In December, TVA examined how oversight of TIAL is managed from the inside. We noted that, here, as at Cardiff, one company has been set up to manage the airport, and another to hold the shares in that company. In Wales, the holding company scrutinises the work of the airport company on behalf of the Welsh government, and the boards of the two companies are entirely separate.  At Teesside the holding company, Goosepool 2019, can’t do that because it shares directors with TIAL. So, if it scrutinised the work of TIAL, that would amount to marking their own homework.  So, there are scrutiny committees instead. 

And In PR-speak? “There is accountability … Reports of the airport come back to councillors who are Labour, Conservative and Independent”.

Now that sounds all right until you consider that a properly functioning holding company has the right to obtain information on demand from the companies whose shares it holds. The members of scrutiny committees at Teesside are entitled only to whatever information Houchen, or TIAL, decides to give them. And some of them have been complaining of the lack of information they receive.  A holding company has the ultimate sanction over the companies it controls in that it has the right to appoint or remove directors. A scrutiny committee has no such sanction within its gift.  So, if they encounter a lack of cooperation all they can do is complain.

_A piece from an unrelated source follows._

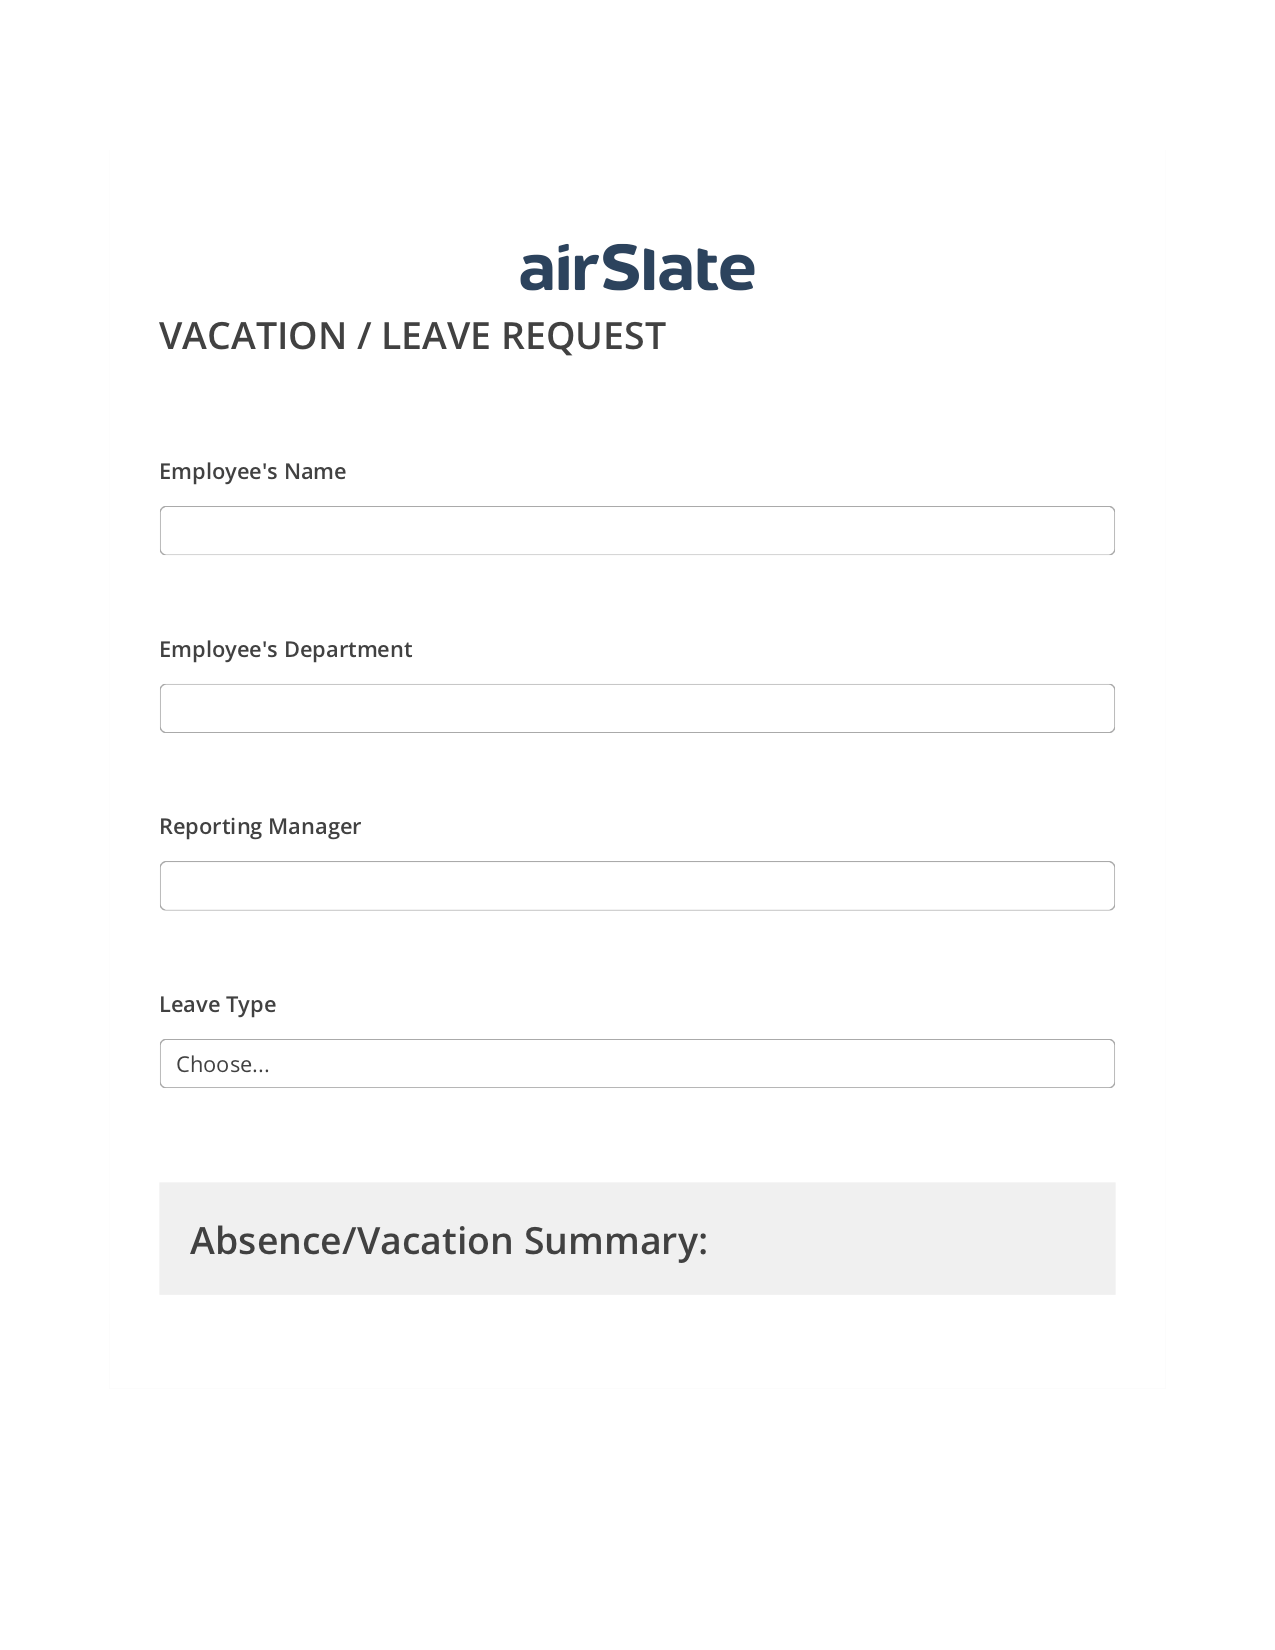 Vacation/Leave Request Workflow Pre-fill from CSV File Bot, Remove Slate Bot, Export to Google Sheet Bot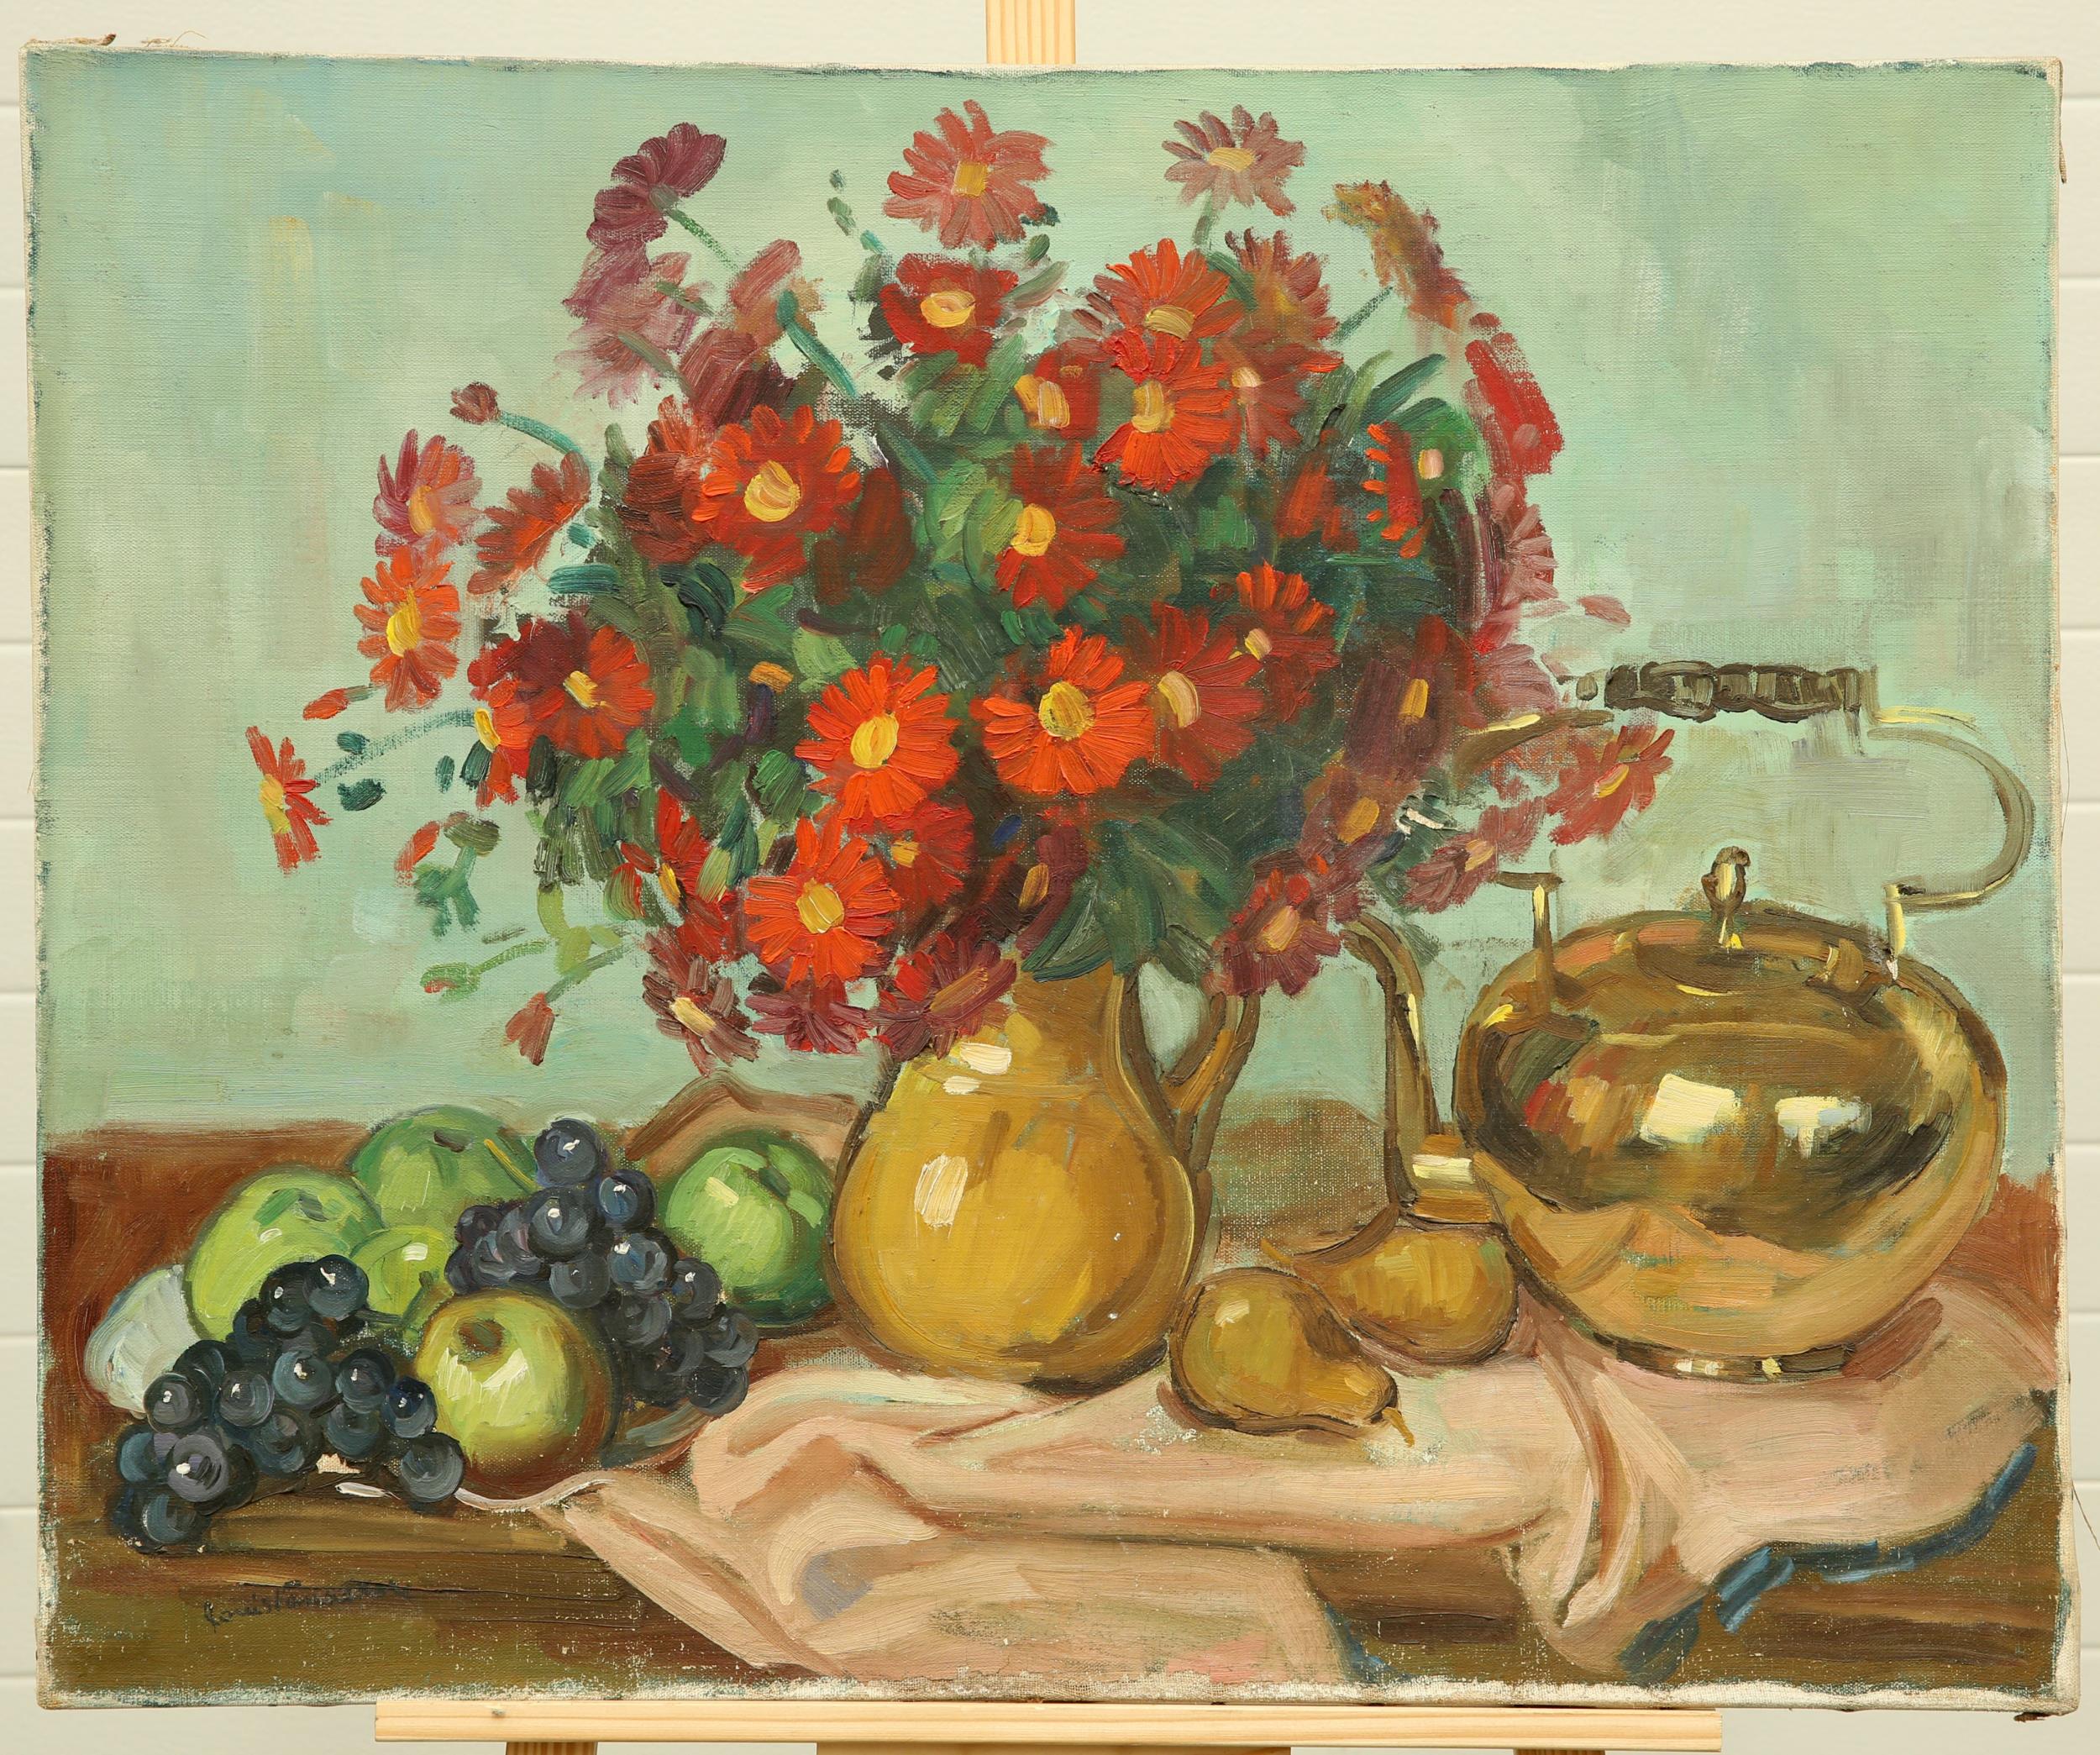 CONTINENTAL SCHOOL, STILL LIFE OF A VASE OF FLOWERS, FRUIT AND TEAPOT

Then the PR team gets overexcited.  The article concludes with this:

“My plea to the voters of Teesside, Darlington and Hartlepool is ignore the publicity stunt and look at Labour’s record – a lack of investment and running it into the ground and then look at what we have done over the past four years – secured new flights, overhauled the terminal and created jobs for local people. Don’t put all that hard work at risk.”

It’s as if no one has told the PR team that Houchen was the first elected mayor of the TVCA in 2017 and had no predecessor. Effectively, Labour does not have a ‘record’ in this respect. Houchen, as the first incumbent of the mayoralty, also has a devolved budget to spend on projects in this region that has never existed before.

As for securing new flights, that has certainly happened, and with much fanfare from PR-Houchen when they are introduced, and silence when they are cancelled. When, two days before the ‘transparency’ article, the Northern Echo reported on the cancellation of the Loganair flight to Dublin, one thing that was noticeable by its absence was any statement from PR-Houchen.  Defence of the action was left entirely to spokespeople for TIAL and Loganair.

Few would deny that, even before the onslaught of Covid-19, both TIAL and Loganair were operating in a challenging commercial environment, and setbacks were inevitable, but the public might expect some defence of that from the elected mayor who, more any other individual, has been the face of the airport project. That would demonstrate a sense of responsibility.  However, PR has no sense of responsibility towards the electorate. It is there to advertise a product, and the product in this case is Houchen. So, where transparency should be, there is only manipulation.

As for “creating jobs for local people”, the much-trumpeted figure of 18,000 springs immediately to mind. However, Official figures show that, in the year ending March 2018, 291,800 people were in employment in the Tees Valley. In the year ending March 2020 there were 292,600, an increase of 800 over the period. In 2017-18 employment in this region was 5.8% below the national average.  By 2019 – 2020 the corresponding figure was 6.5% below average. So, it’s absolutely true that jobs have been created for local people.  In a sense.